DATASET EXCERPT section start

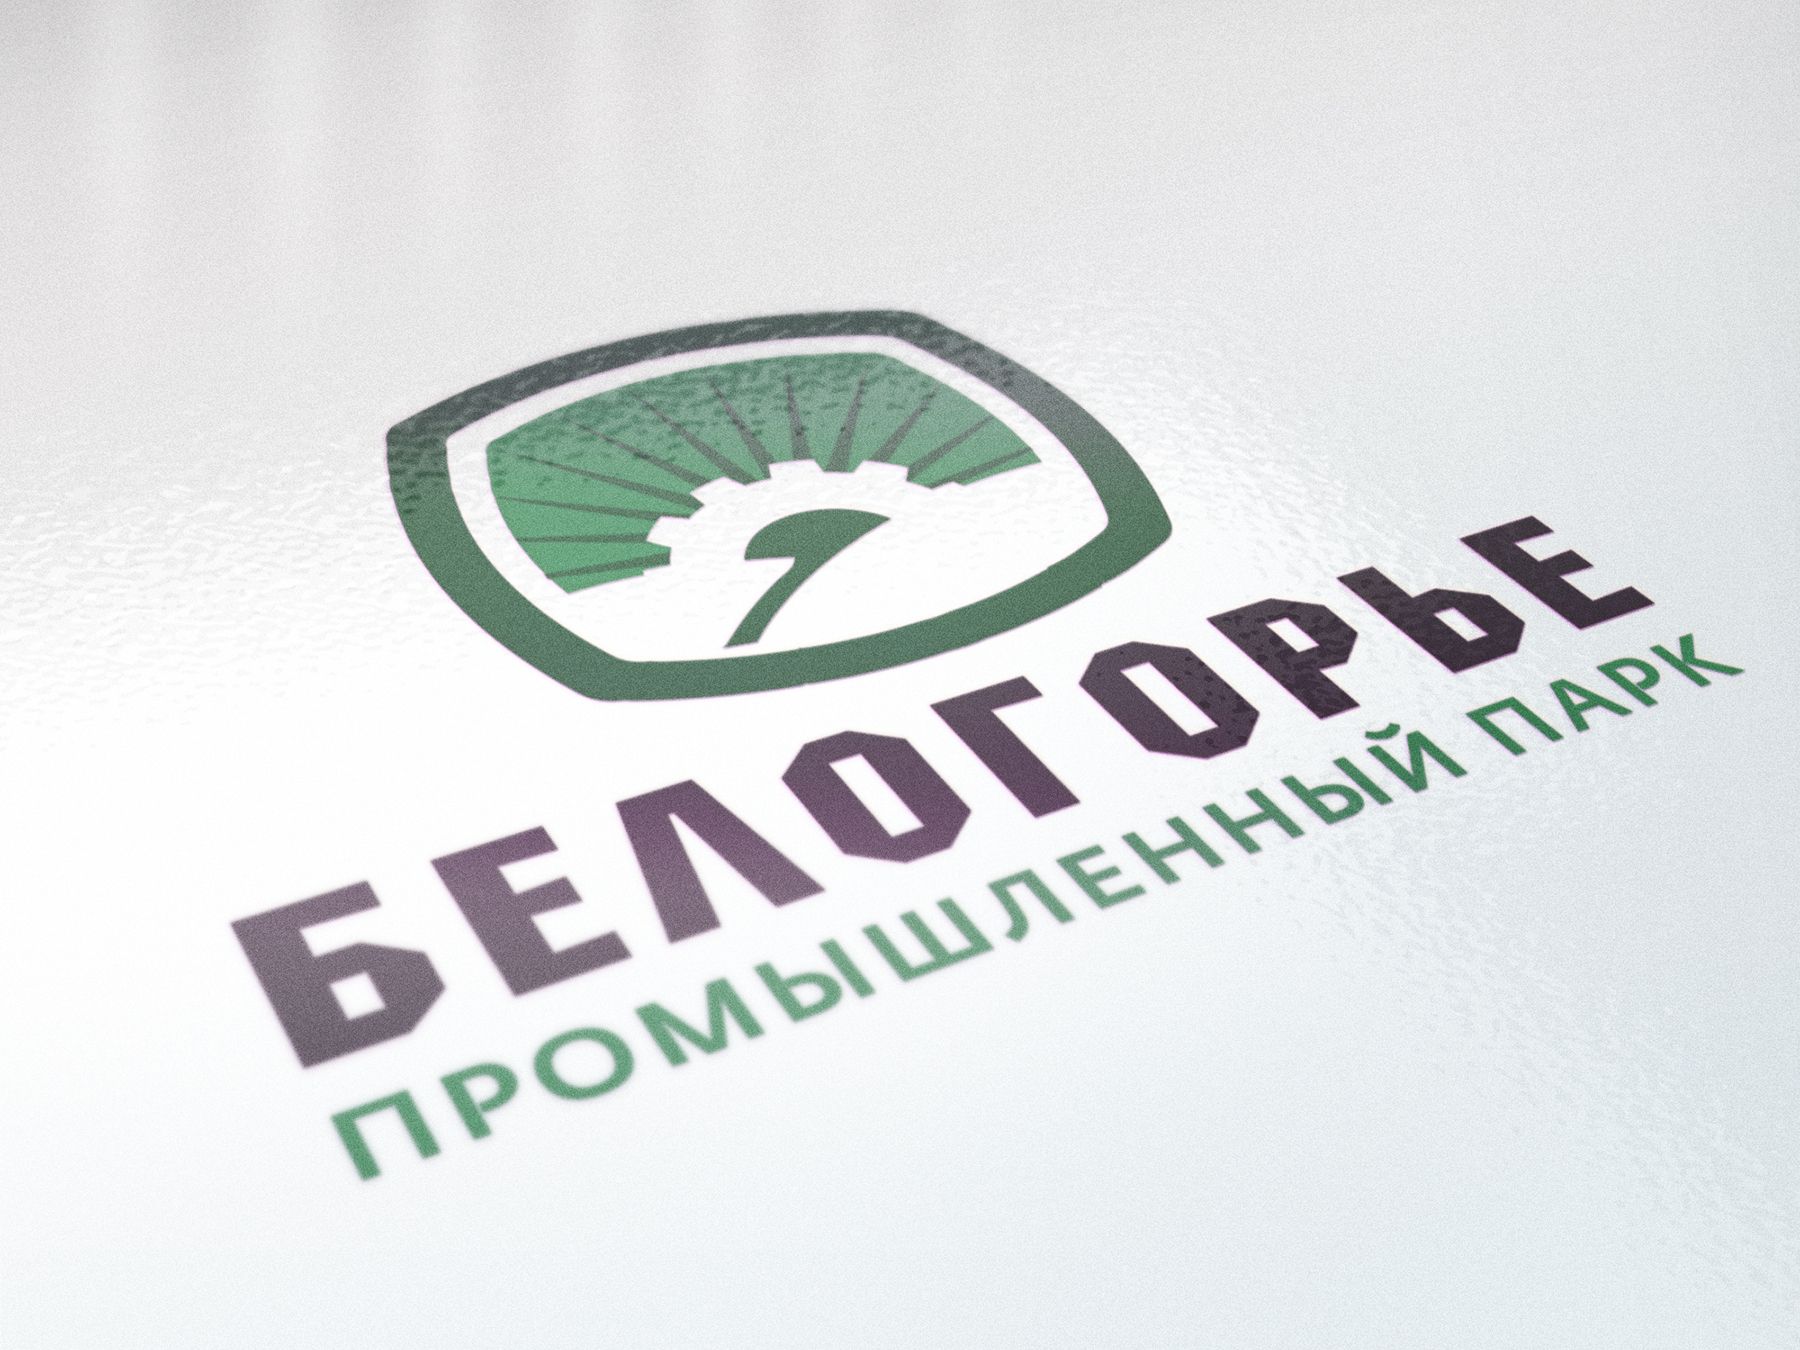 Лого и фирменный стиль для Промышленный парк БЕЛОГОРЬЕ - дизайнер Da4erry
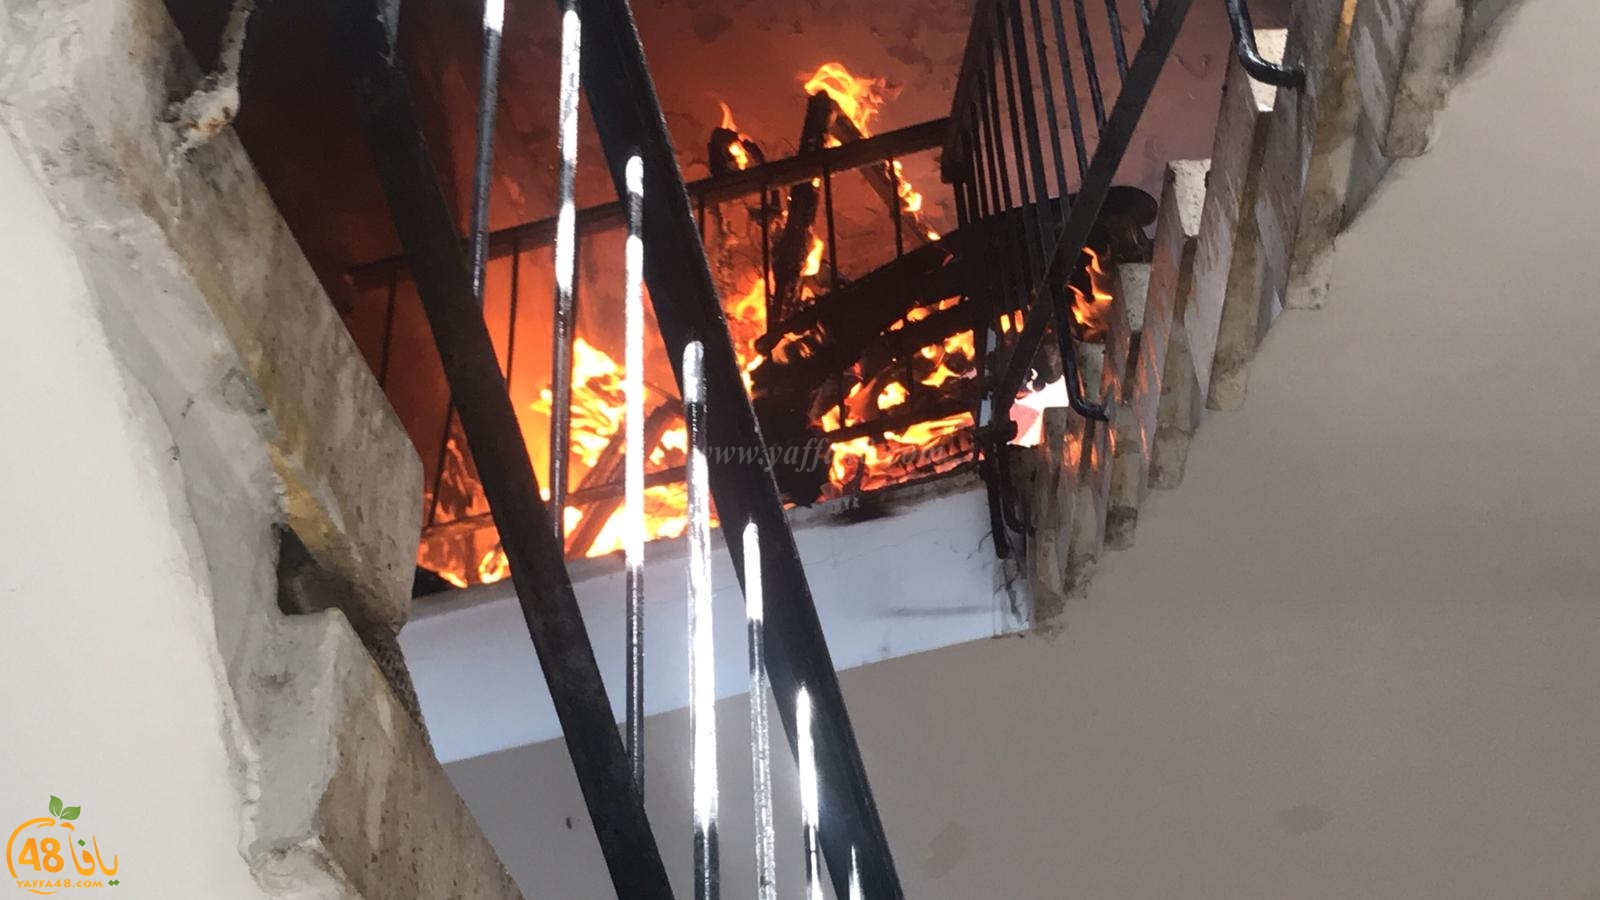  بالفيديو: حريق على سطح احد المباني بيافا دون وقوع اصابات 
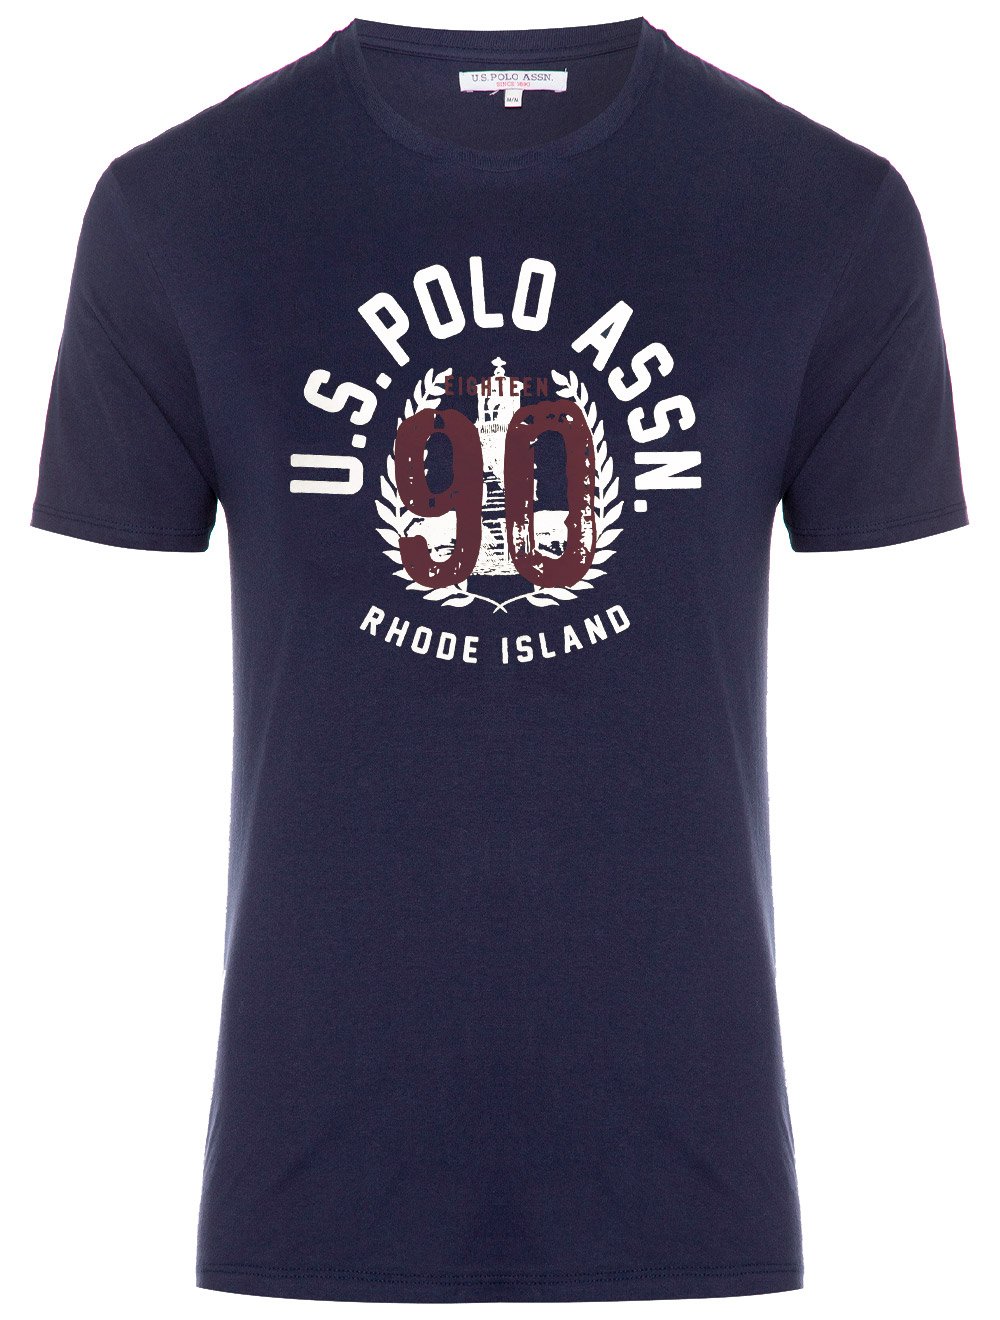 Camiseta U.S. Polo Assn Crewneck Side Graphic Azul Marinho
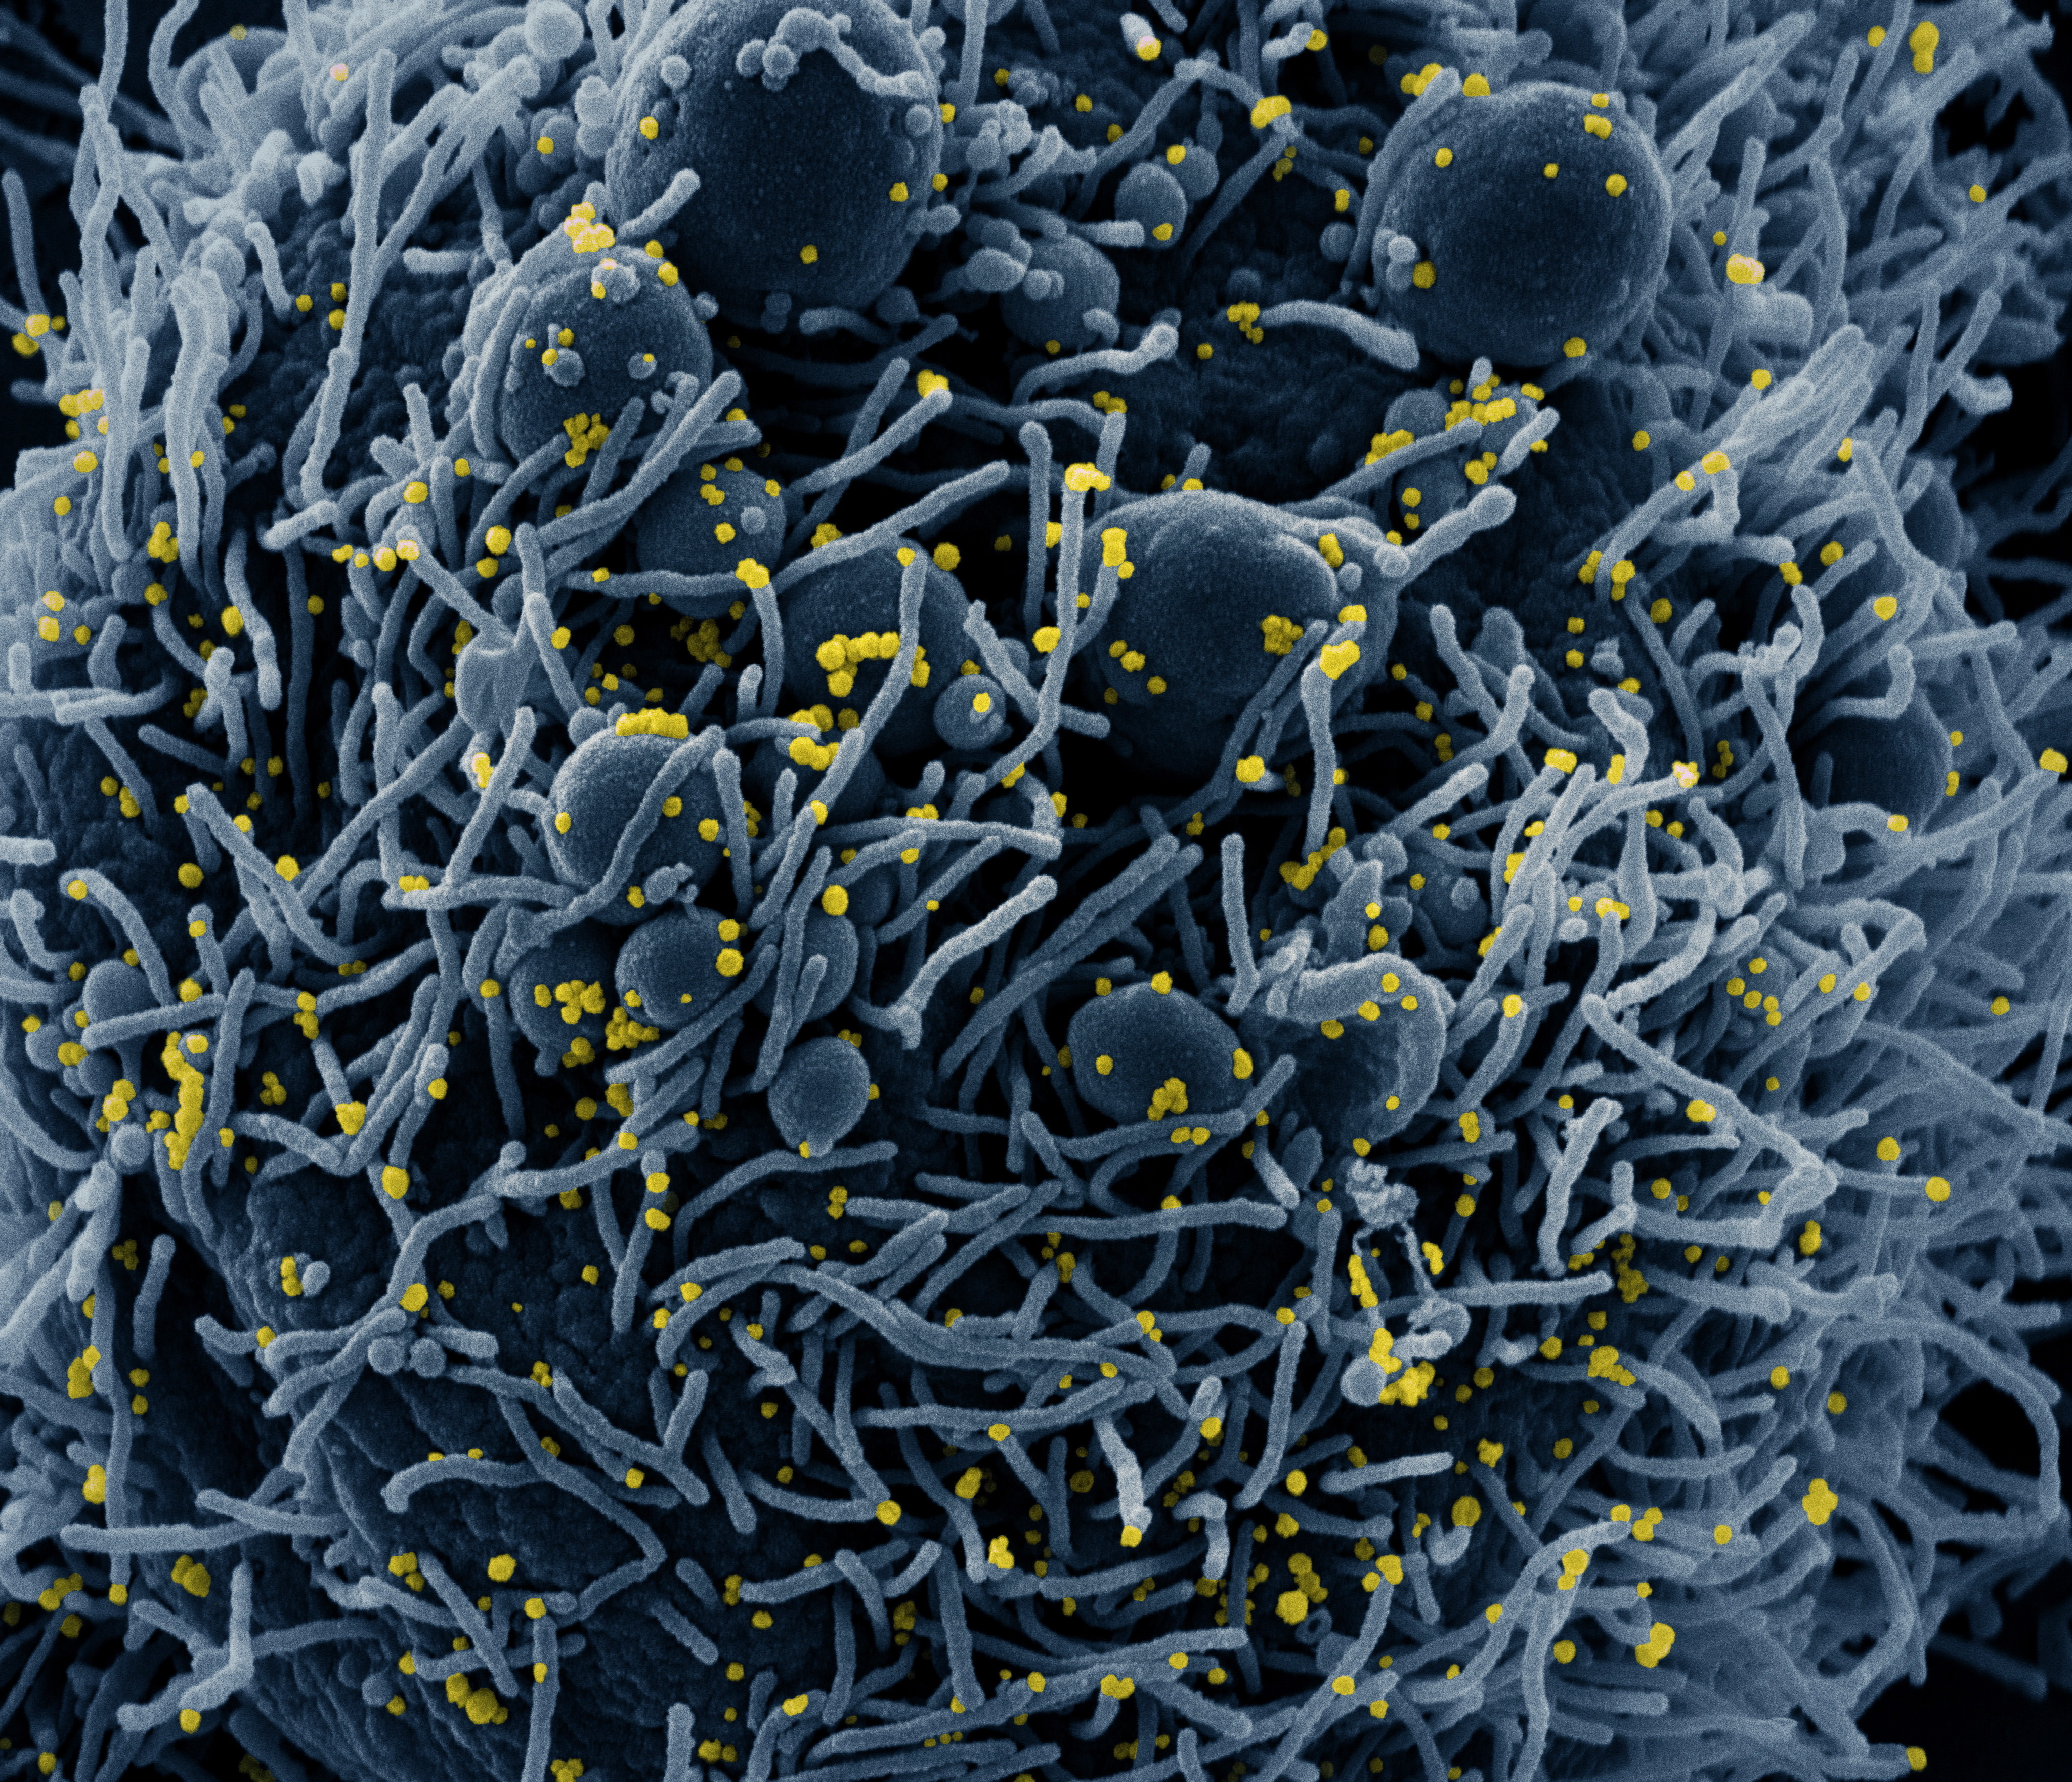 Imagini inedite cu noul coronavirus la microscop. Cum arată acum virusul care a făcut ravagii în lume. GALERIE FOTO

DATASET EXCERPT section end

**PROBLEM STATEMENT**: Leave out the pictures; repeat the data exactly.

**ANSWER SECTION**:
 Лого и фирменный стиль для Промышленный парк БЕЛОГОРЬЕ - дизайнер Da4erry
  بالفيديو: حريق على سطح احد المباني بيافا دون وقوع اصابات 
 Camiseta U.S. Polo Assn Crewneck Side Graphic Azul Marinho
 Imagini inedite cu noul coronavirus la microscop. Cum arată acum virusul care a făcut ravagii în lume. GALERIE FOTO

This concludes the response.